3.2. Self-assembled hierarchical structures at room temperature

Before characterization by various techniques, all the triblock copolymers were annealed at a temperature higher than the isotropization temperature (T_N–I) of the LC PMMAZO blocks (150 °C) for 24 h in vacuum to ensure full microphase separation. Subsequently, the BCPs were cooled to room temperature to allow the LC ordering inside the microphase-separated domains. Firstly the microphase-separated structures of the PMMAZO-b-PnBA-b-PMMAZO triblock copolymers at room temperature were characterized by SAXS and TEM. Fig. 1a and b show the SAXS profiles of P1–P9 at room temperature. The samples P1–P4 with a low molecular weight central block form a variety of different ordered nano-structures with increasing the amount of PMMAZO block. For example, when the content of PMMAZO block is 19.5 wt% (P1), the relative scattering vector of the SAXS peaks to the first-order peak, q/q*, is 1 : √3 : 2 : √7 : 3 : √11, which indicates a HEX structure. As the PMMAZO content is increased to 35.3 wt% (P2), seven scattering peaks are discernable in the SAXS profile. Two series of q/q* are observed: one is 1 : 2 : 3 : 4 and the other is 1 : √3 : 2 : √7 : 3 (indicated by the black arrows in Fig. 1a). The former represents a LAM structure and the latter corresponds to a HEX structure. As a result, we speculate that HPL structure or a mixed structure of LAM and HEX is formed in P2. The morphology of P2 is further examined by TEM (Fig. 1c). One can see that the lamellar microdomains are the majority. However, some cylindrical microdomains can be observed as well. As shown in the red box of Fig. 1c, the microdomains are hexagonally packed when the sample is cut along the direction normal to the long axis of the cylinders. Based on the TEM image and SAXS profile, it can be recognized that the P2 should have a HPL structure at room temperature. Further increasing the length of the PMMAZO block leads to the formation of a LAM structure, as revealed by the relative position of various SAXS peaks. The LAM structure in P4 is confirmed by TEM, as shown in Fig. S3a of ESI.†

Fig. 1 SAXS measurement and TEM observation for triblock copolymers: (a) SAXS profiles of P1–P4 and (b) P5–P9; selected TEM micrographs of (c) P2, inside is the magnification of the dashes circle; (d) P5; (e) P7; (f) P9. The scale bar in the figures is 200 nm. The samples were annealed at 150 °C for 24 h before measurements.

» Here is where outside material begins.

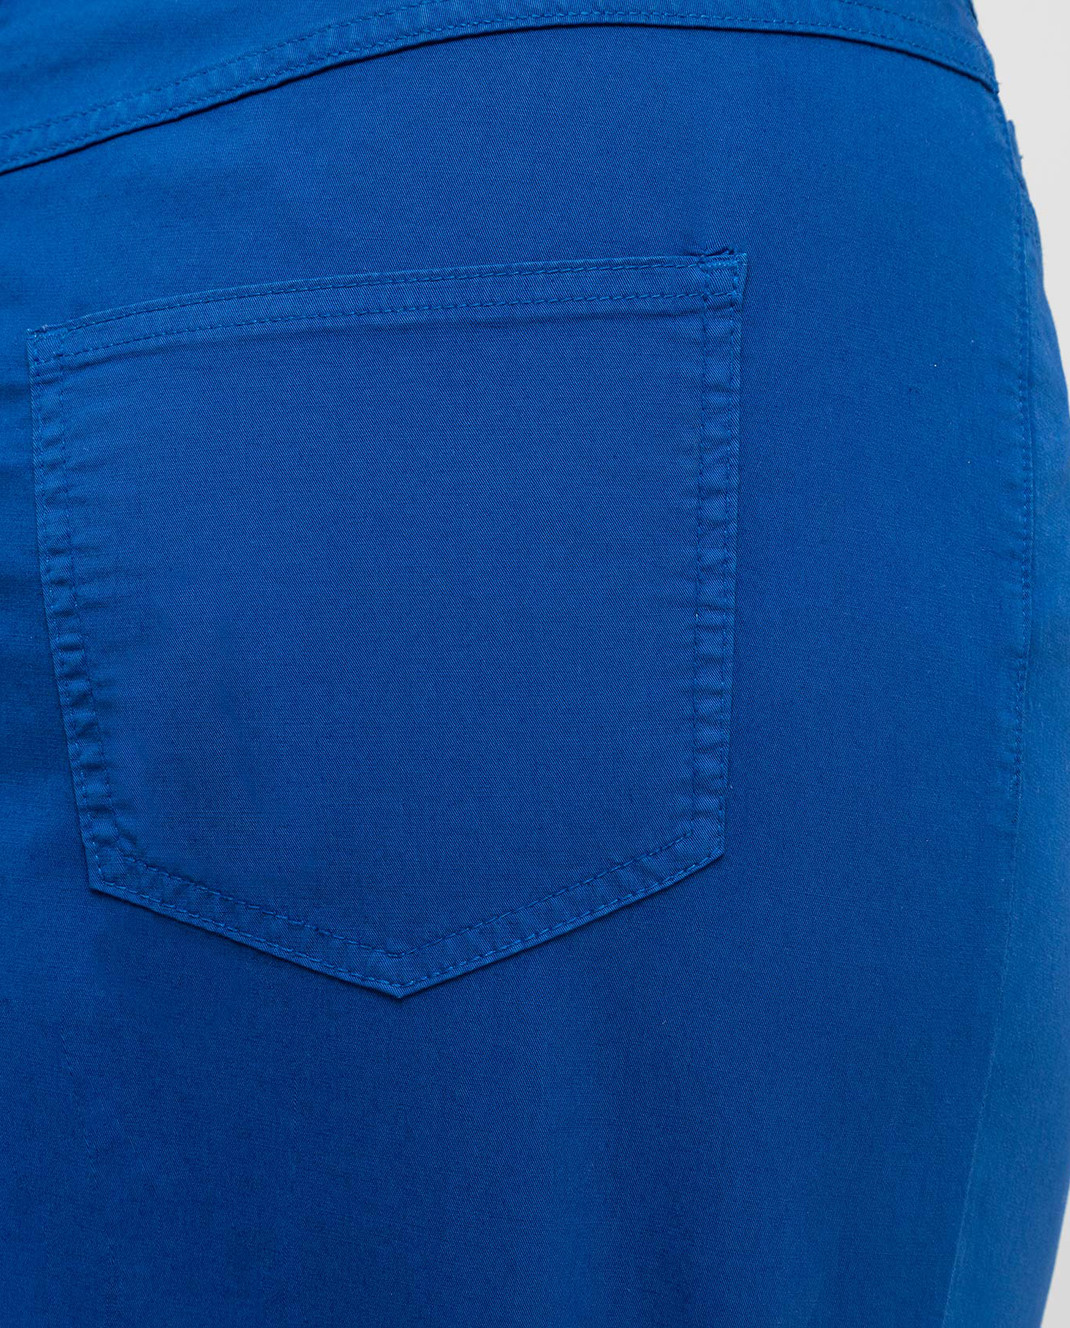 Marina Sport by Marina Rinaldi Темно-синяя джинсовая юбка CAROTENE изображение 5
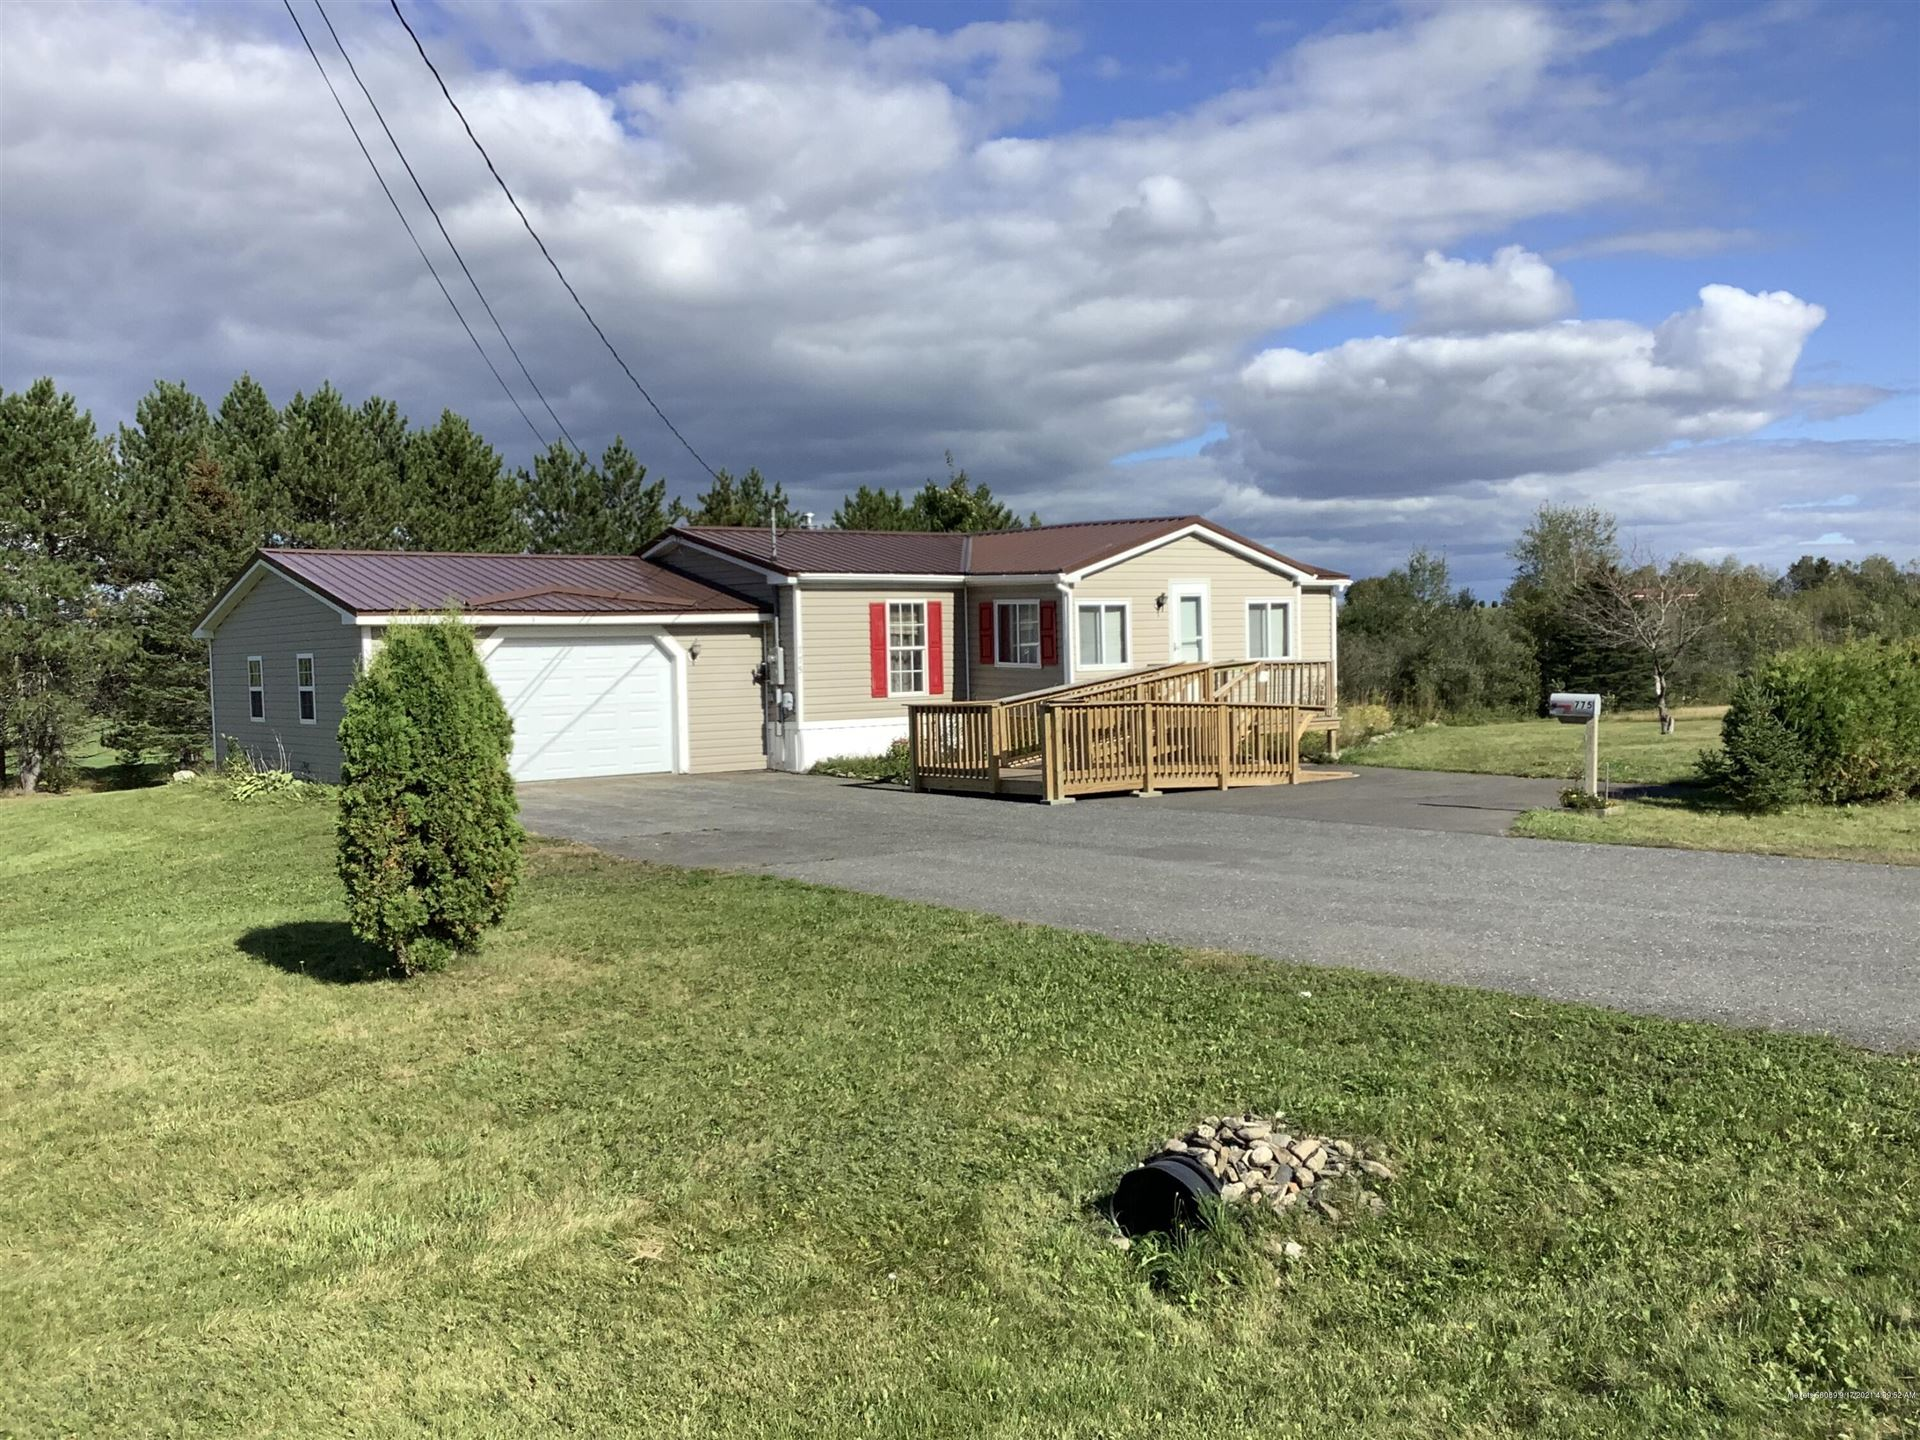 Photo of 775 Sweden Street, Caribou, ME 04736 (MLS # 1509201)

The samples P5 and P6 with an intermediate molecular weight central block form a LAM structure, even though the PMMAZO content in P5 is as low as 28.6 wt%. The LAM structure of P5 can be confirmed by both the SAXS profile, in which the value of q/q* is 1 : 2 : 3 : 4, and TEM image (Fig. 1d). It should be noted that, P2 has a higher PMMAZO content than P5, but P2 exhibits a HPL structure. This can be attributed to the different polymerization degrees of P5 and P2. Since the segregation strength of a BCP is determined by the parameter χN, a higher N will result in a larger χN. Therefore, although the PMMAZO content of P5 is lower than that of P2, formation of the LAM structure in P5 is reasonable, which can be seen from the phase diagram of BCPs.³

The microphase-separated structures of the samples P7–P9 with a high molecular weight central block were characterized as well. In the SAXS profile of P7, a broad high-order peak appears at q/q* = √6 besides the first-order peak but no other high-order peaks are observed. This indicates that the structure of P7 is not well ordered. Spherical microdomains are observed in the TEM micrograph of P7. In combination of the SAXS profile with the TEM micrograph, we can conclude that P7 has a BCC structure. In the SAXS profiles of P8 and P9, the scattering vector ratio for different SAXS peaks is 1 : √3 : 2, though the high-order peaks are not so sharp (Fig. 1b). Both rod-like and spherical microdomains can be observed in the TEM image of P9, as shown in Fig. 1f. As a result, a HEX structure is formed in P8 and P9. As compared with P5, P9 has both a higher molecular weight, i.e. a larger χN, and a higher PMMAZO content. Nevertheless, P9 forms a HEX structure while P5 forms a LAM structure. This is difficult to understand in terms of the phase diagram of BCPs. Usually, a BCP with a larger χN and a higher volume fraction of the minor component tends to form a LAM structure more easily, rather than a HEX structure. Such a result may be explained by the presence of a small amount of high molecular weight fractions in P7–P9, which are produced by the coupling termination side reaction (Fig. S1†). It is reported that increase in polydispersity may drive morphological transitions, including LAM-to-GYR and GYR-to-HEX transitions,⁶¹ and lead to an abnormal phase diagram.⁶² Herein these high molecular weight fractions may exert some effects on the phase behavior of PMMAZO-b-PnBA-b-PMMAZO triblock copolymers. They may also be responsible for the less ordered structures in P7–P9.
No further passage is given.